Last week friend Toni and hiked the Rail Trail at Ankeny National Wildlife Refuge, which is even closer to her Albany home than Finley NWR, where we usually hike. The Rail Trail is not on an abandoned railroad line. It was named because it's a good place to see rails, Sora and Virginia, in the marshy areas.

But we didn't. We did, however, see grebes, herons, frogs and strange, oblong, floating objects that we don't know what are. Friend Hazel, however, sent this website that makes my nutria scat guess look correct. Ugh. http://skagitnutria.howitworks.com/what-is-nutria.cfm


One of the grebes was close to our boardwalk, but in an odd plumage I didn't recognize. After searching the books and web, I decided it must be a juvenile plumaged Pied-billed Grebe.




We saw other odd creatures. Toni identified this miniature green hippo and a crocodile coming up from under a log.





The crocodile doesn't look quite so crocodilian from a distance. Other areas of the boardwalk are not so close to water in this dry season, but lovely nonetheless and full of woodland birds. Here's Toni on the boardwalk.

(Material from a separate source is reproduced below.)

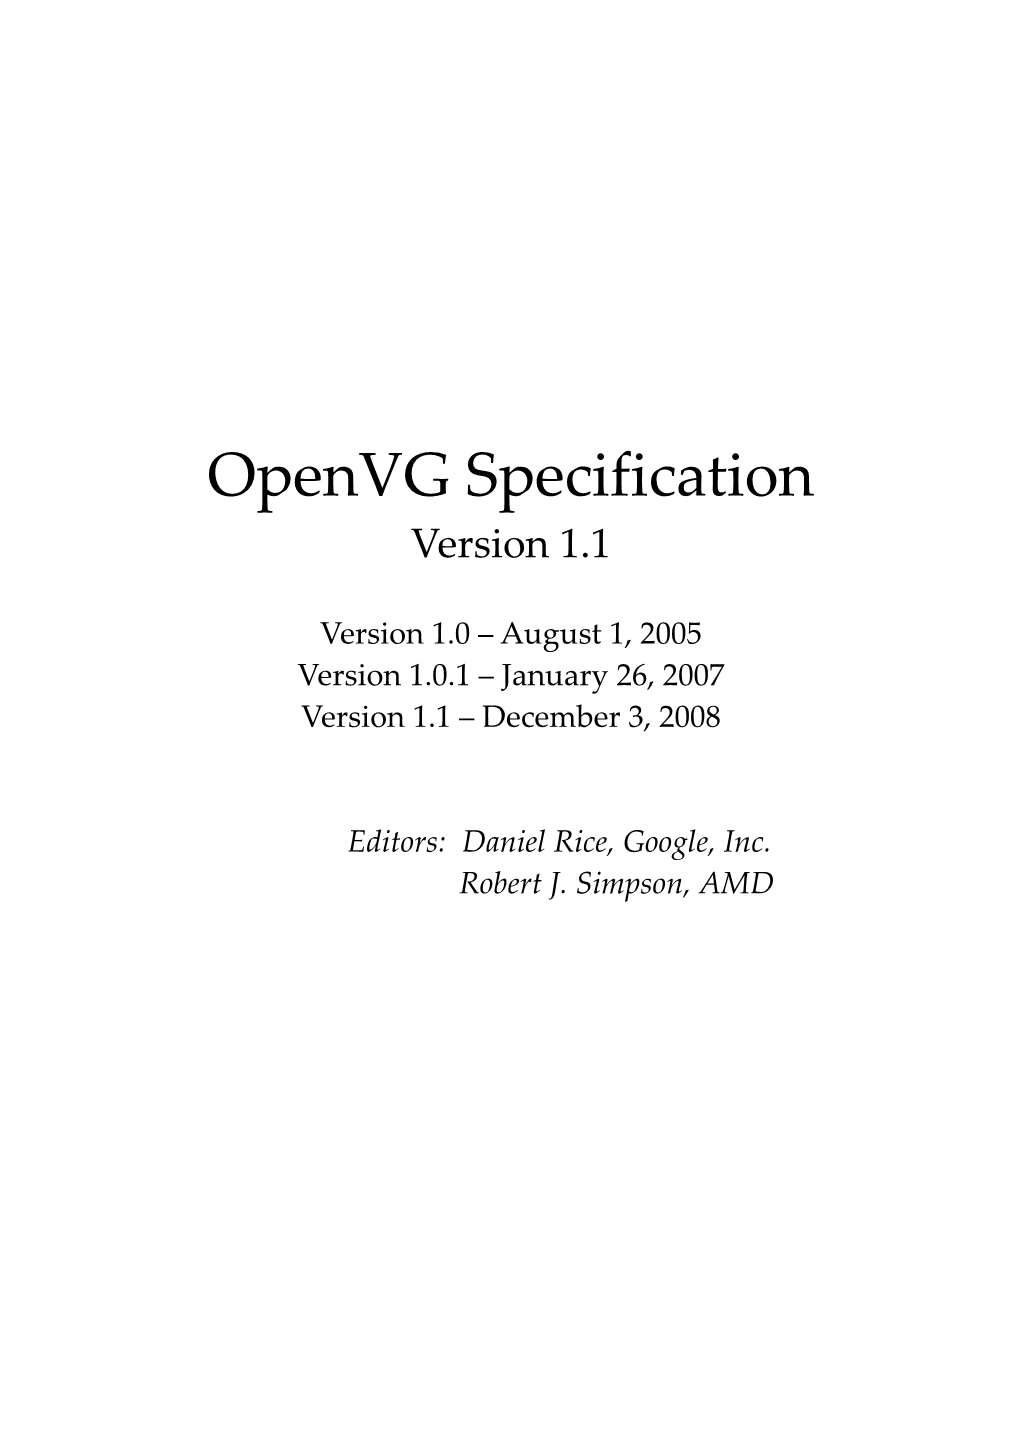 Openvg Specification Version 1.1

The boardwalk eventually ends but the trail proceeds around fields and alongside a hedgerow by the road, returning to its beginning. That hedgerow was full of bushtits, chickadees, flycatchers, cedar waxwings, towhees, and other passerines. Although this Western Wood Pewee was very cooperative about landing in view, the lighting was not so good on this warm afternoon and neither are my photos.

After leaving the Rail Trail, we drove to the kiosk at what I believe is called Eagle Marsh. As always, there were plenty of waterfowl here, including one White Pelican demonstrating why Ogden Nash thought a pelican's bill can hold more than it's belly can.


The shorebirds were pretty distant, but by calls we were able to figure out that we were seeing both Greater and Lesser Yellowlegs. A Red-winged Blackbird flew in and landed near a resting Yellowlegs, so I think that one is a Greater, since it is so very much bigger than the blackbird.


In order to make the habitat less attractive to the invasive nutria (which we also saw), some of the water areas at Ankeny have been drained and the weeds are being removed. Nevertheless, there were plenty of birds around on that warm August afternoon... along with those rarer creatures: hippos and crocodiles.